▸ **HOW TO COMPLETE THIS TASK**:
Only the lines from the "Brésil Poste Obl" line through the last line of the material below belong in the answer, reproduced exactly and with no pictures.

*** AVAILABLE DATA ***

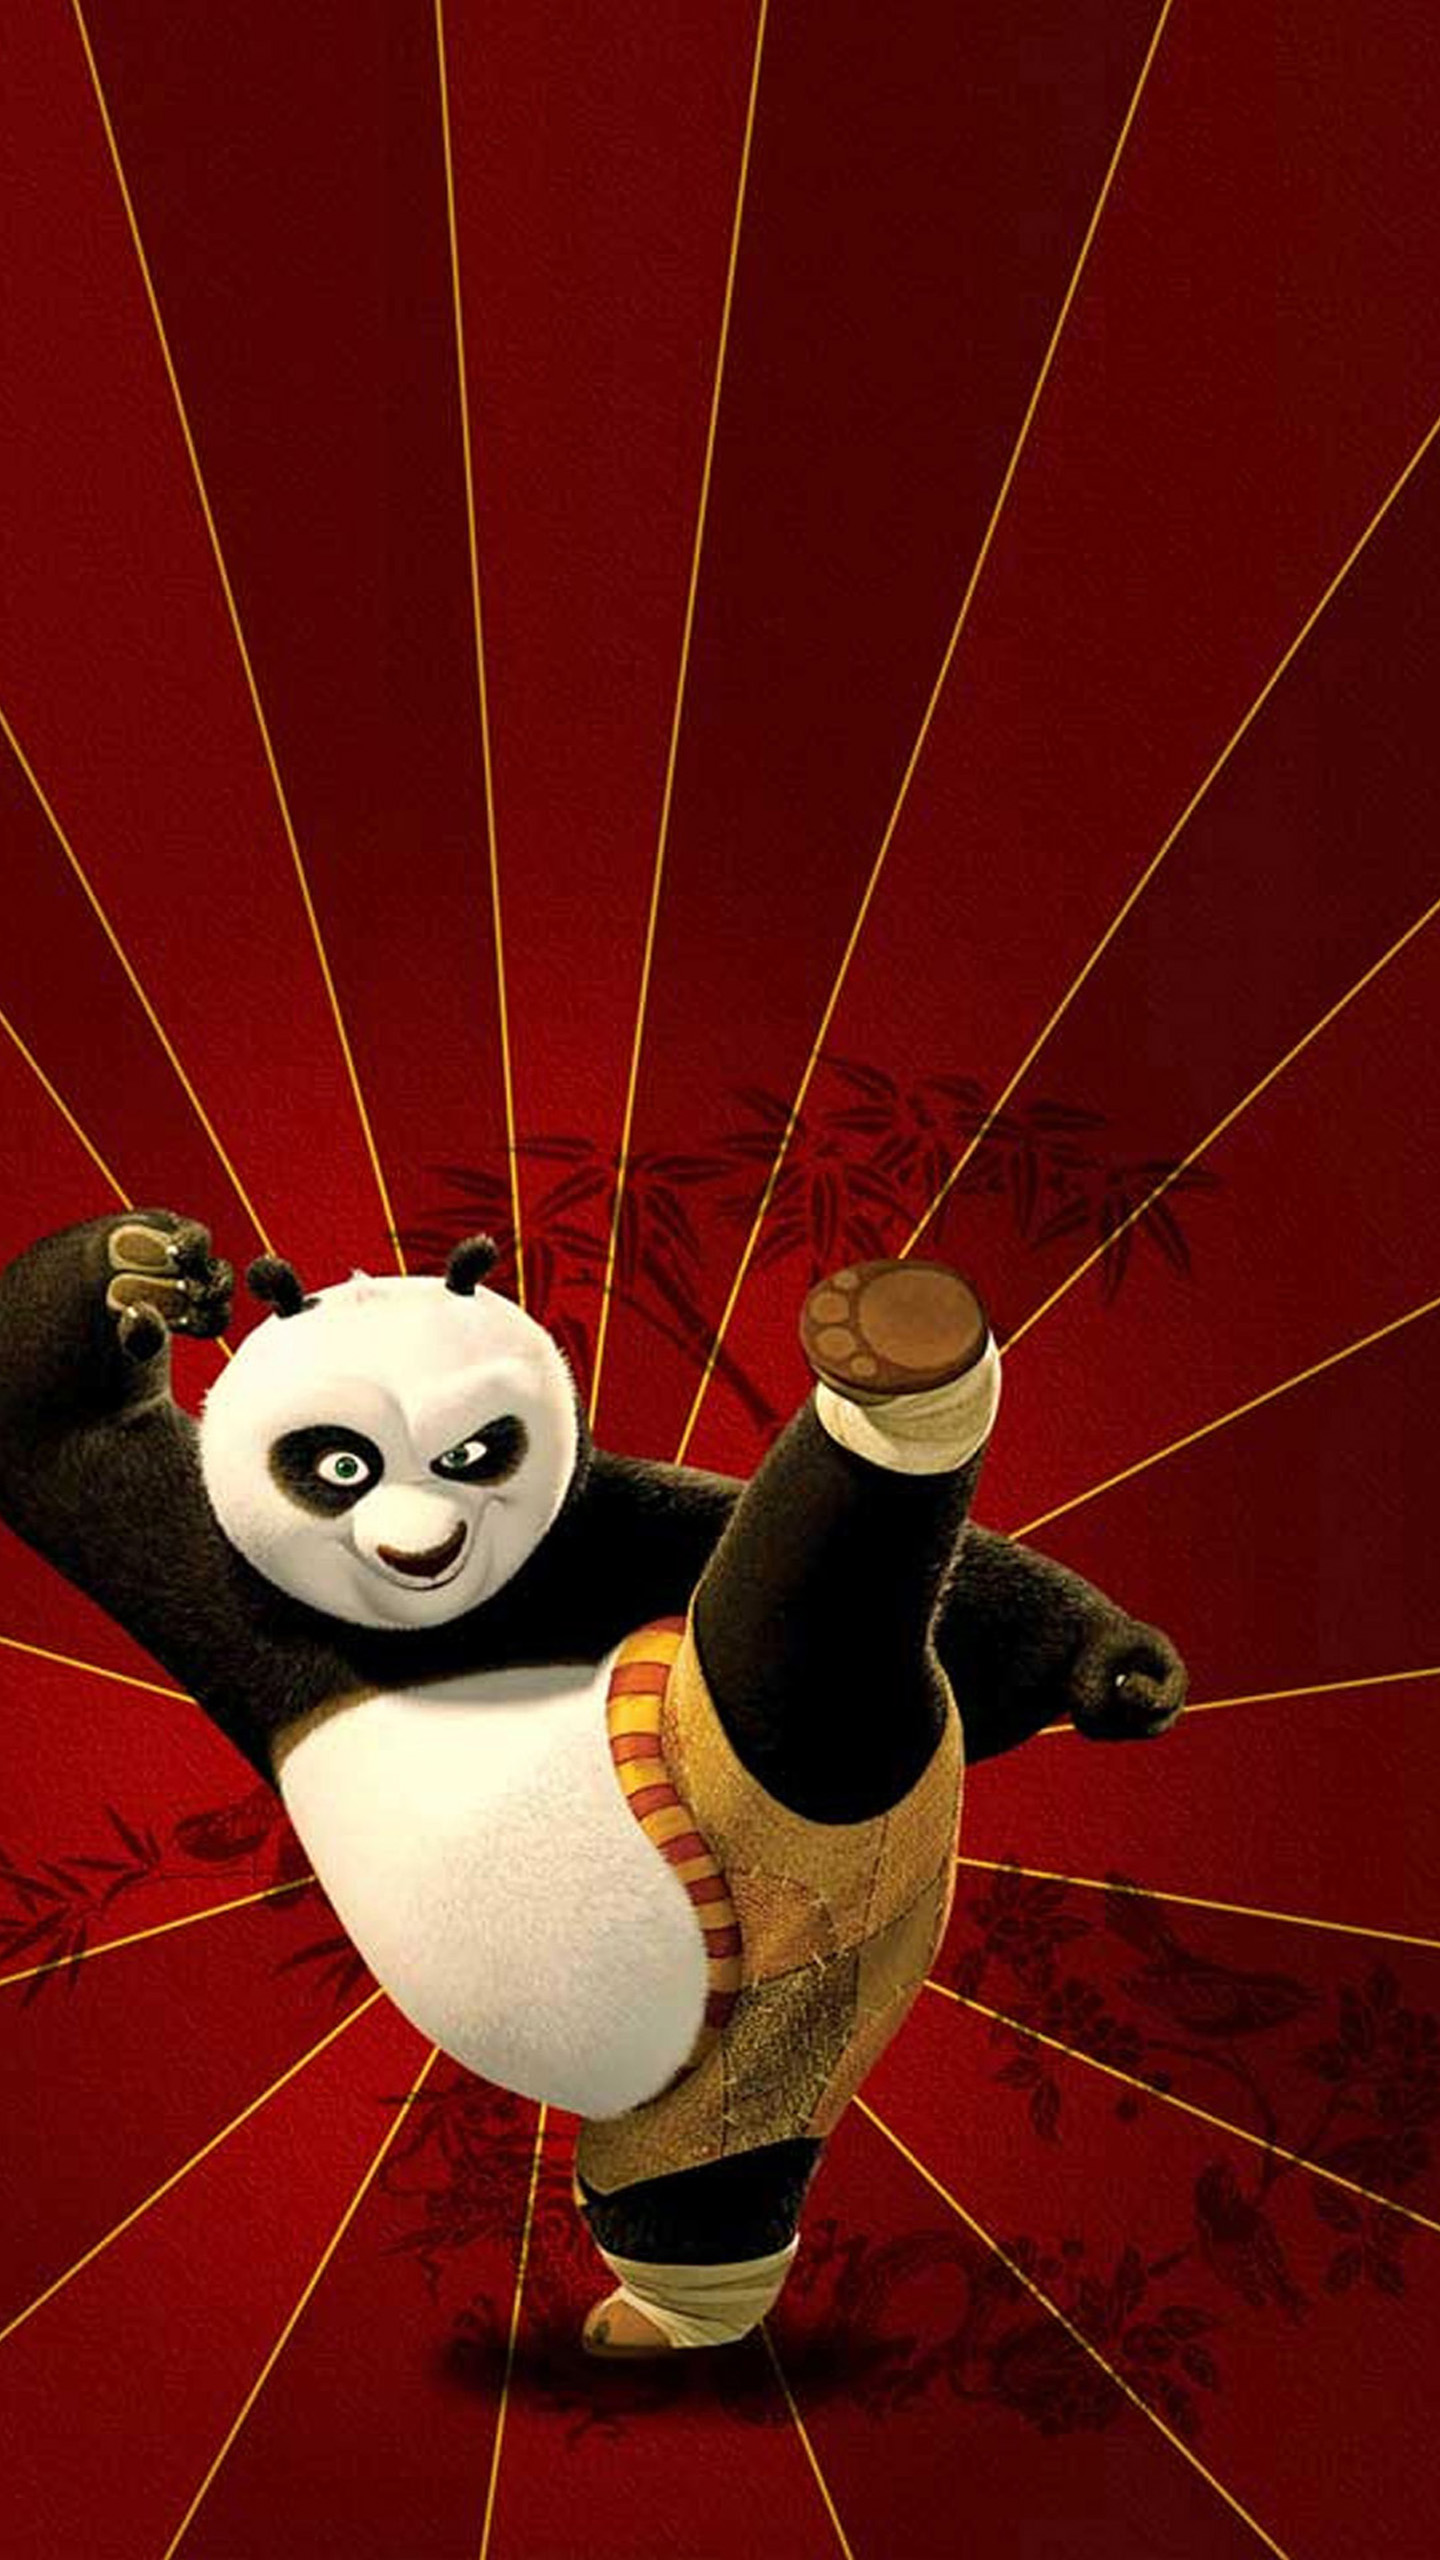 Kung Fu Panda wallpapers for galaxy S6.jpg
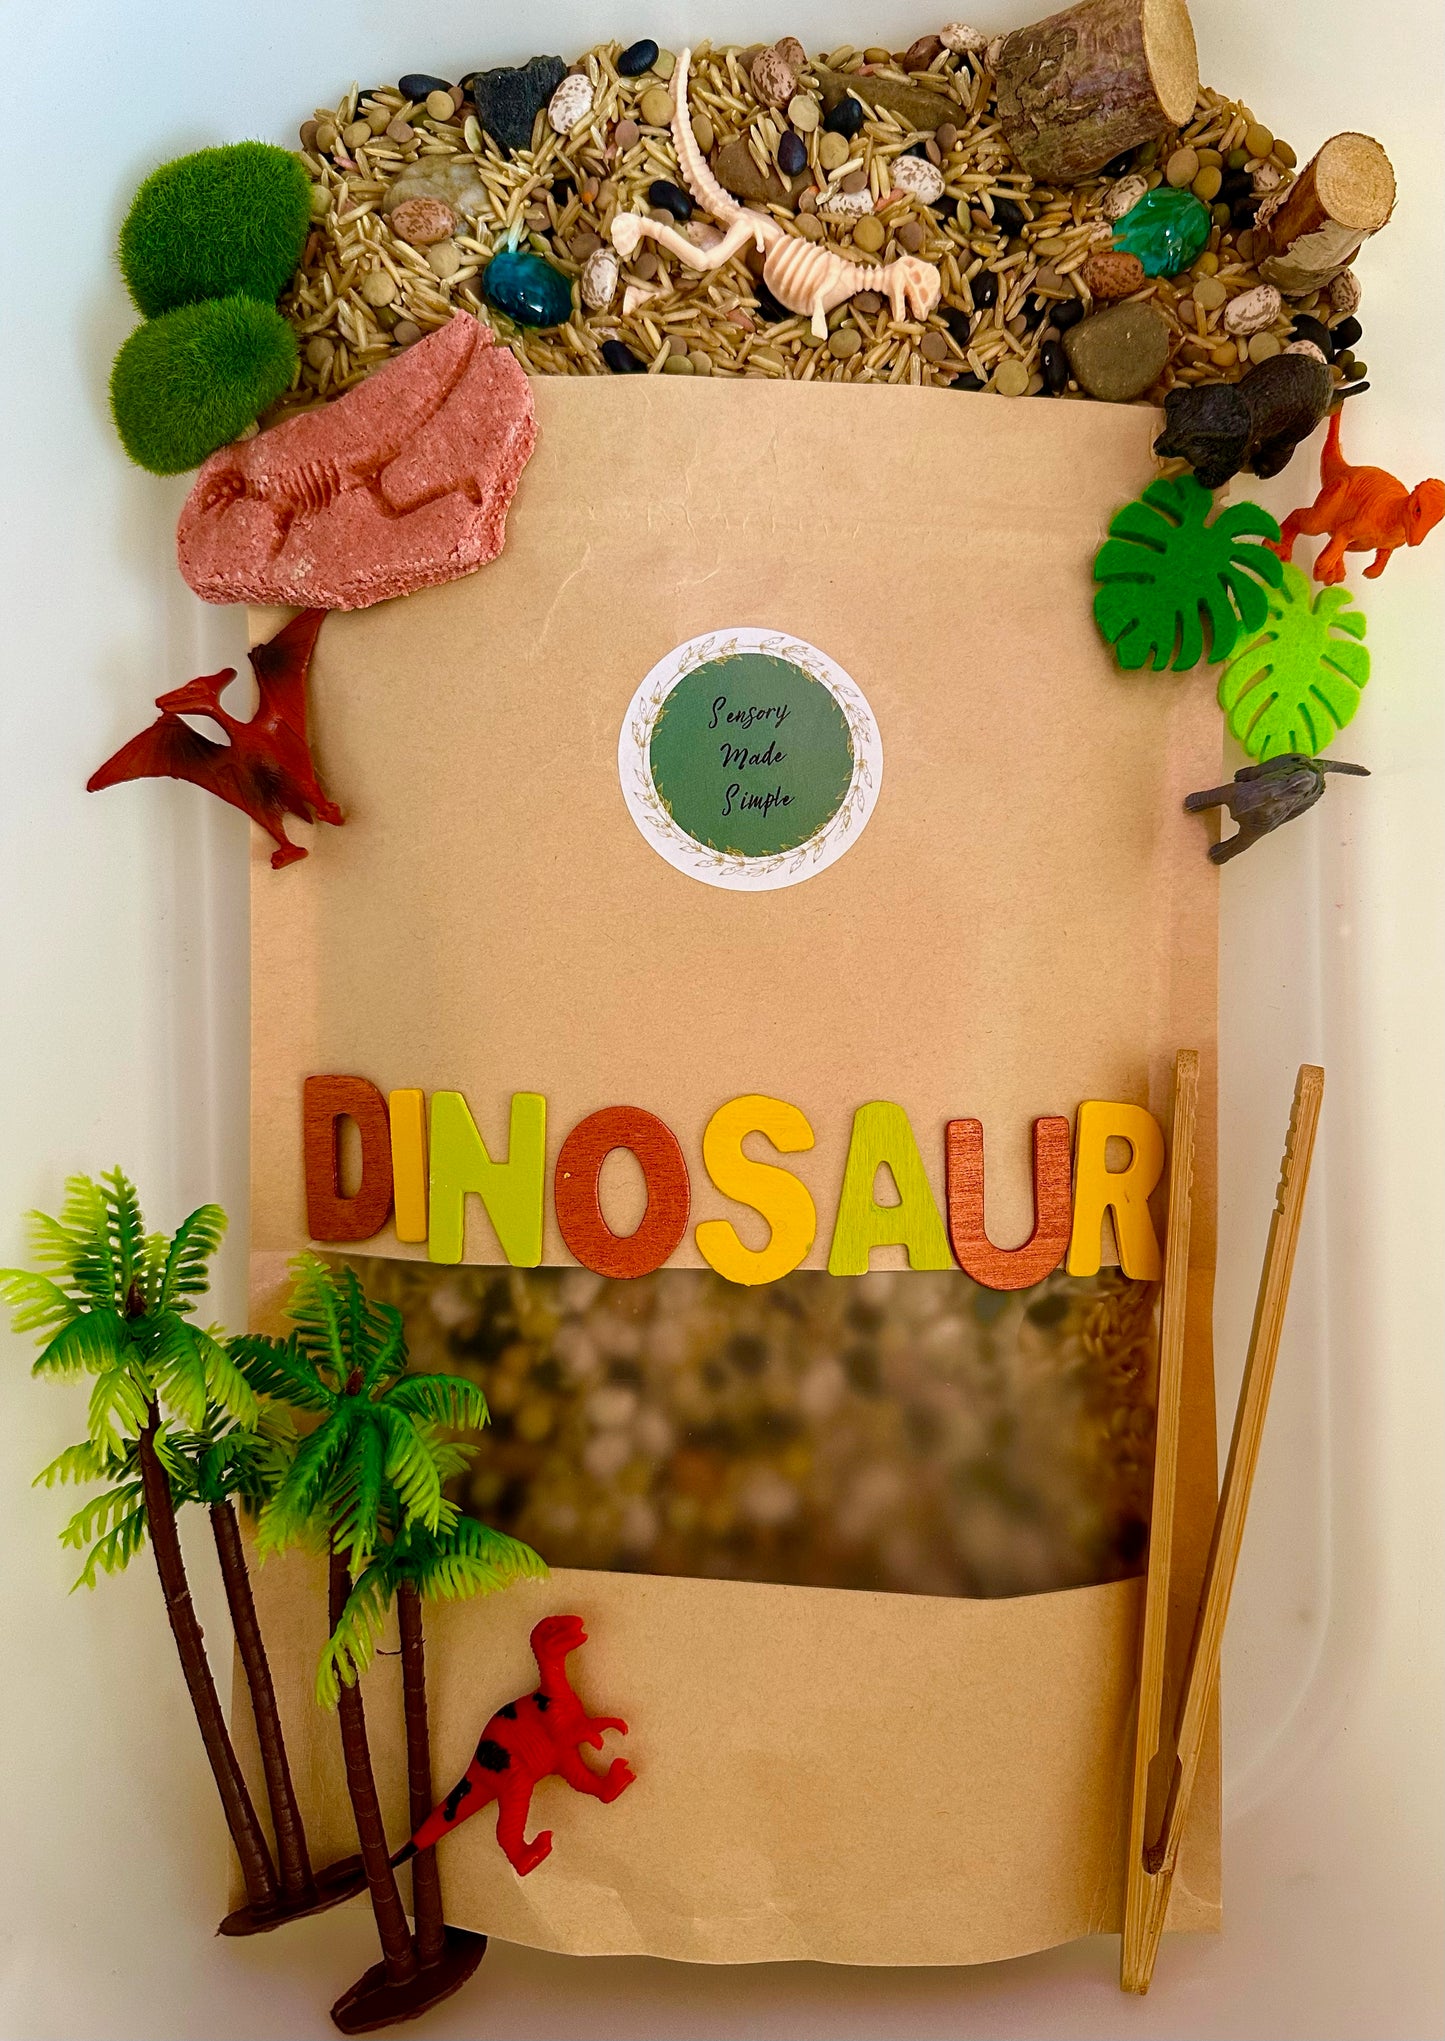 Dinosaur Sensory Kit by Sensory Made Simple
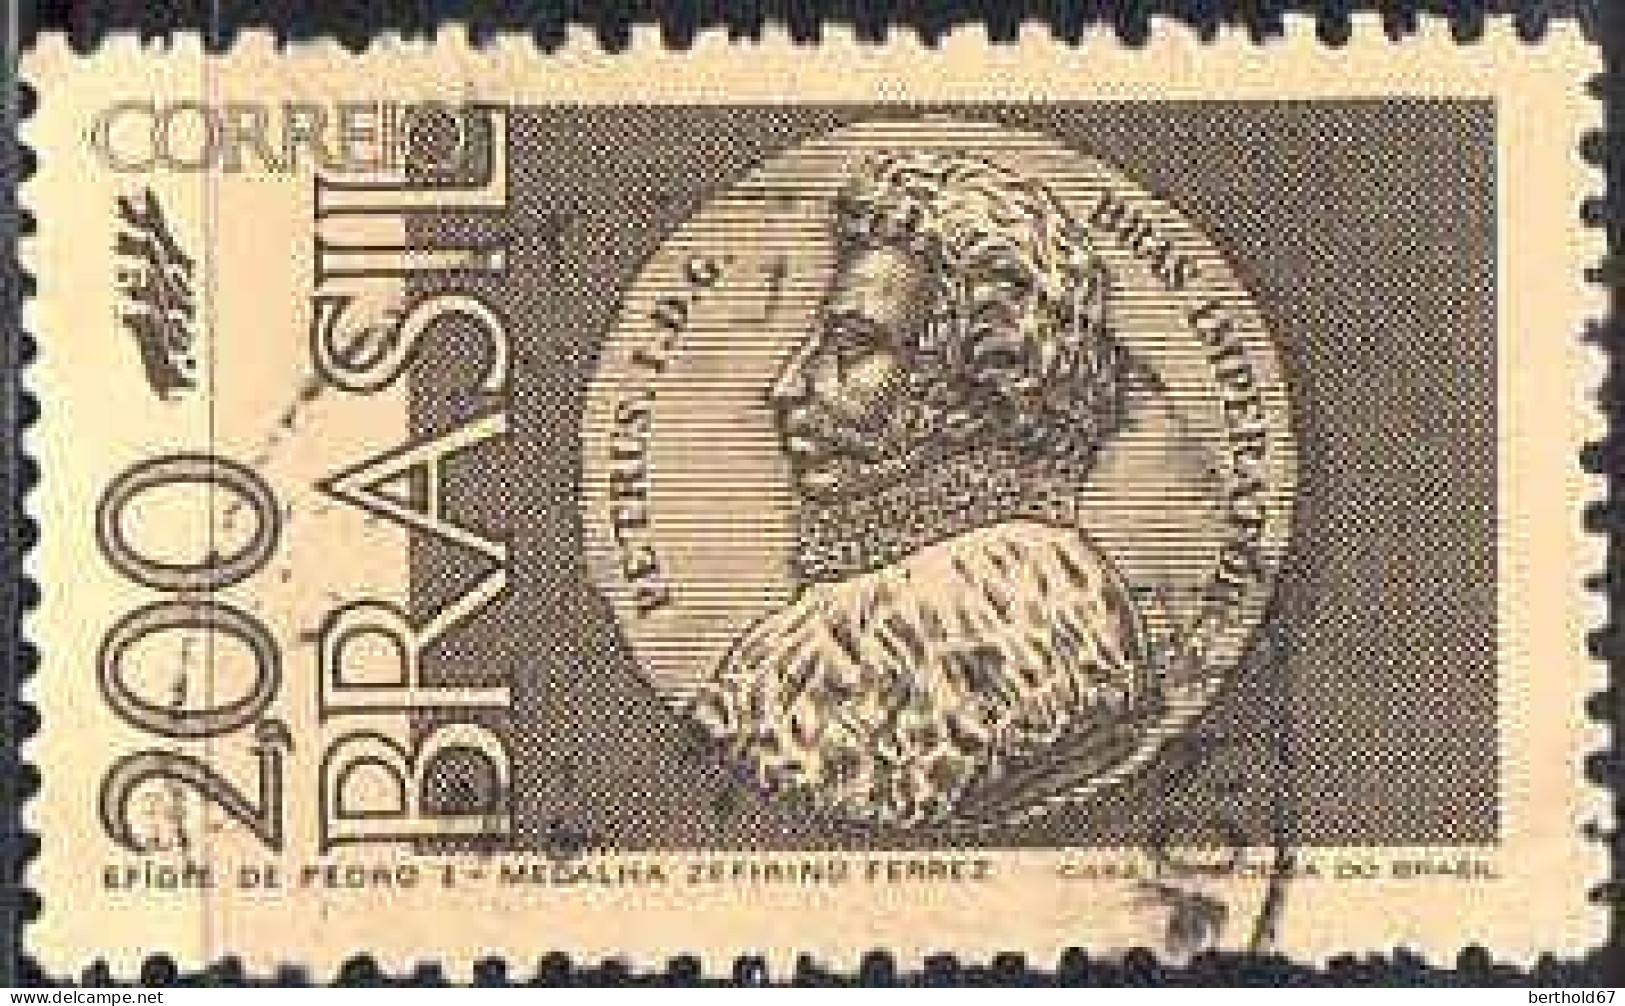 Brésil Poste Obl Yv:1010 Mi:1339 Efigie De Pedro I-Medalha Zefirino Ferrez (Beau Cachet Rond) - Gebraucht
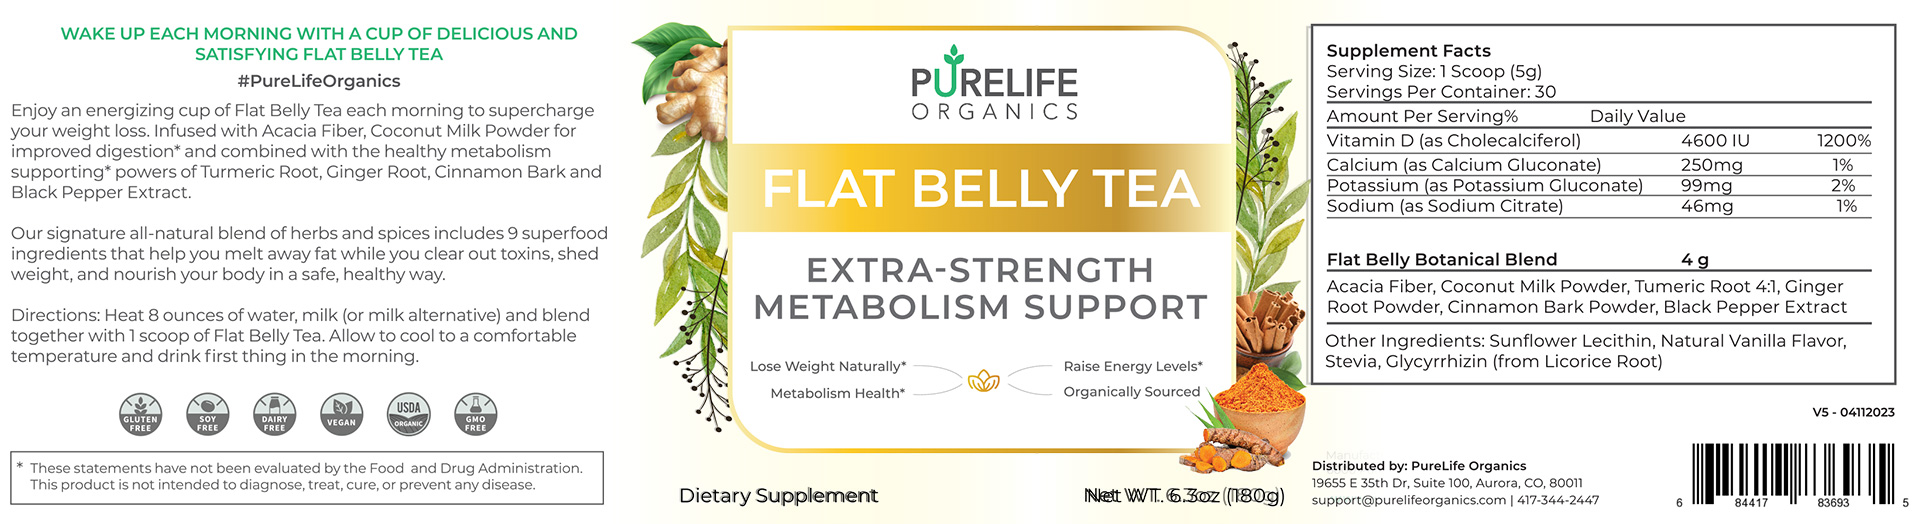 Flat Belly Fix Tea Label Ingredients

*** End of AVAILABLE DATA ***

▸ **RESPONSE BOX**:
 Brésil Poste Obl Yv:1010 Mi:1339 Efigie De Pedro I-Medalha Zefirino Ferrez (Beau Cachet Rond) - Gebraucht
 Flat Belly Fix Tea Label Ingredients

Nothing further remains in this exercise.